*

  • 2008 nobel edebiyat ödülünün sahibi. vaktiyle le proces verbal'ine başladım, sikerim diyip bıraktım.
  • "yeni baslangıçların, edebi maceraların, duygusal hazzın yazarı...insanlığı varolan medeniyetin içinde ve dışında araştıran" sözleriyle anlatılan çiçeği burnunda nobel edebiyat ödüllü yazar.
  • tüm sene boyunca hep 60 yas üzeri yaşayan yazarlari okuyup, "bu sene nobelli yazari, nobel almadan önce okuyacagim" diye heves eden beni ters koseye yatirmis bir yazardir.. fransiz ve mauritusludur.. gün gelecek bir gün okudugum yazarlardan nobel alan cikacak fakat o gün gelene kadar, hadi gelin birlikte jean marie gustave le clezio yu taniyalim:

    1840 da dünyaya gelen jean marie, yaptigim typoyu düzeltmeye üsendigim için ayni yil ölüp, 1940 da tekrar dünyaya geldi.. babasi bir subaydi.. subayligi nedeniyle memleket memleket gezdiler.. hint okyanusundaki mairitus da en cok kaldigi yerlerden biriydi.. ilk okulu cengiz topel ilk okulunda okuyan jean marie o günlerden yazdigi "benim babam bir asker" oykusu ile dikkat cekmeyi basarmisti..

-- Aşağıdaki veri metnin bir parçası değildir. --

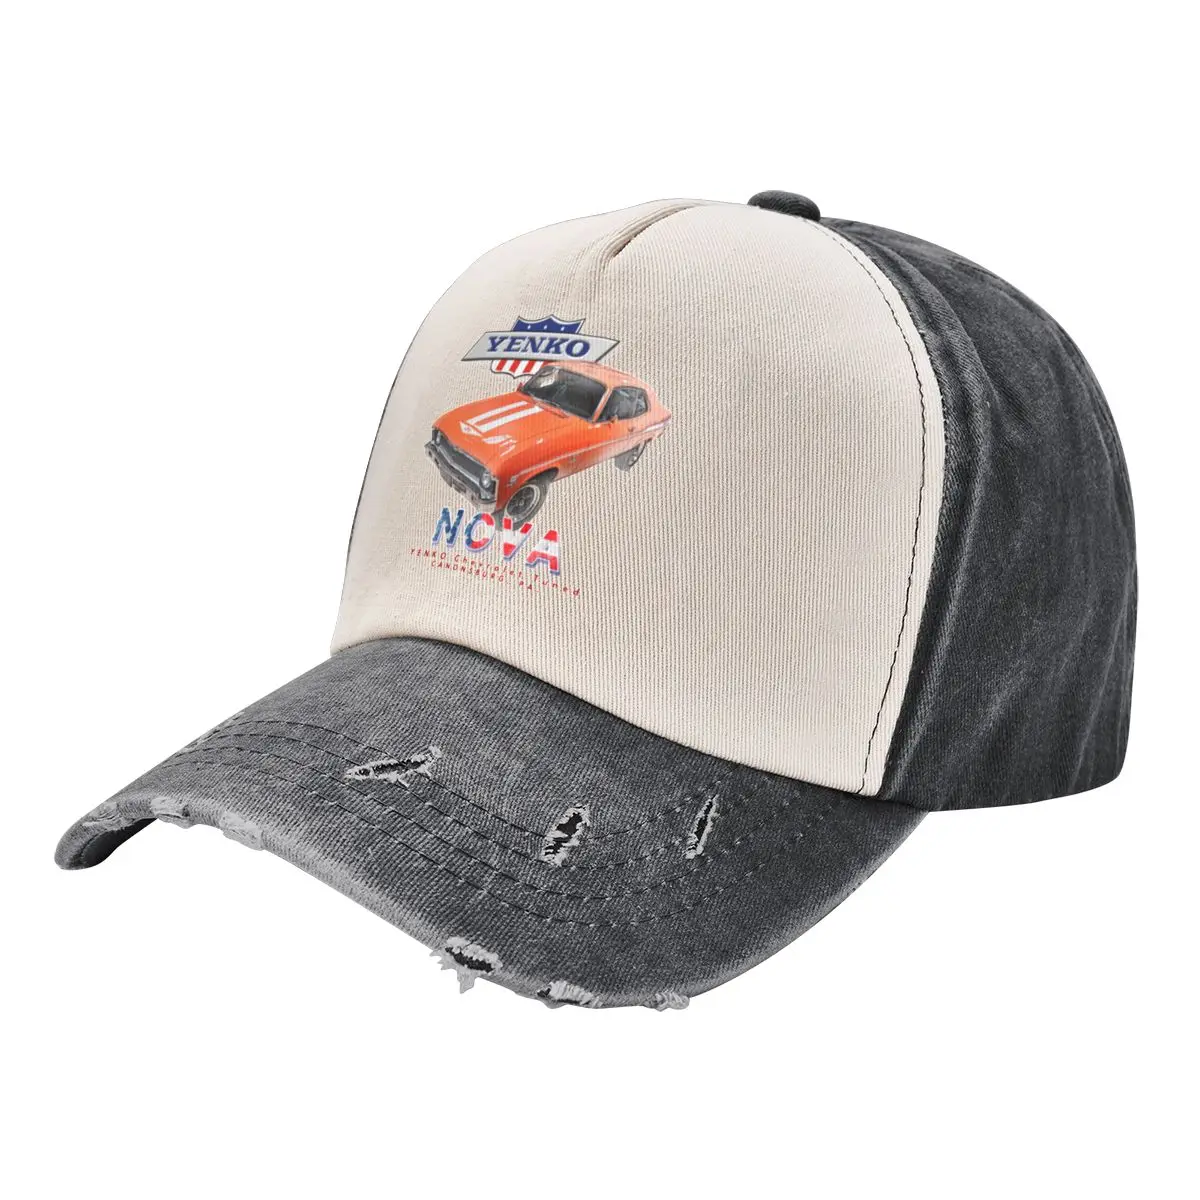 

Yenko Nova 427 Muscle Racecar Hotrod Cowboy Hat derby hat Luxury Cap beach hat Hat Male Women's

    1958 gibi üniversiteye girdi, 62 gibi cikti, askerligini taylandda yapmaya karar verdi fakat "bu ne lan, cocuklari orospu yapmislar" diye protestoya kalkisinca, meksikaya sürüldü.. hayatinin geri kalanini, kanada, meksika, fransa ve mauritusda gecirdi.

    en bilinen eseri tutanak adindaki "le proces verbal" orjinalligindeki eseridir.. ki bu ilk eseridir ve fransanin "haldun taner öykü" ödülü ayarindaki bir ödülü almıştır.. frida kahlo ve manitasinin da öyküsünü yazmiş, sömürge ortamlarinin nabzini iyice tutmuştur.. the desert ismindeki (ki yarin elime ulasacak sanirim) kitabi çok şeydir.. öyle böyle degildir.. nobel ödülünü reddeden yazarin memleketine bir nobel getirmiştir en nihayetinde "ödüller insani yazmaya devam ettirtiriyor" diyerek hem de..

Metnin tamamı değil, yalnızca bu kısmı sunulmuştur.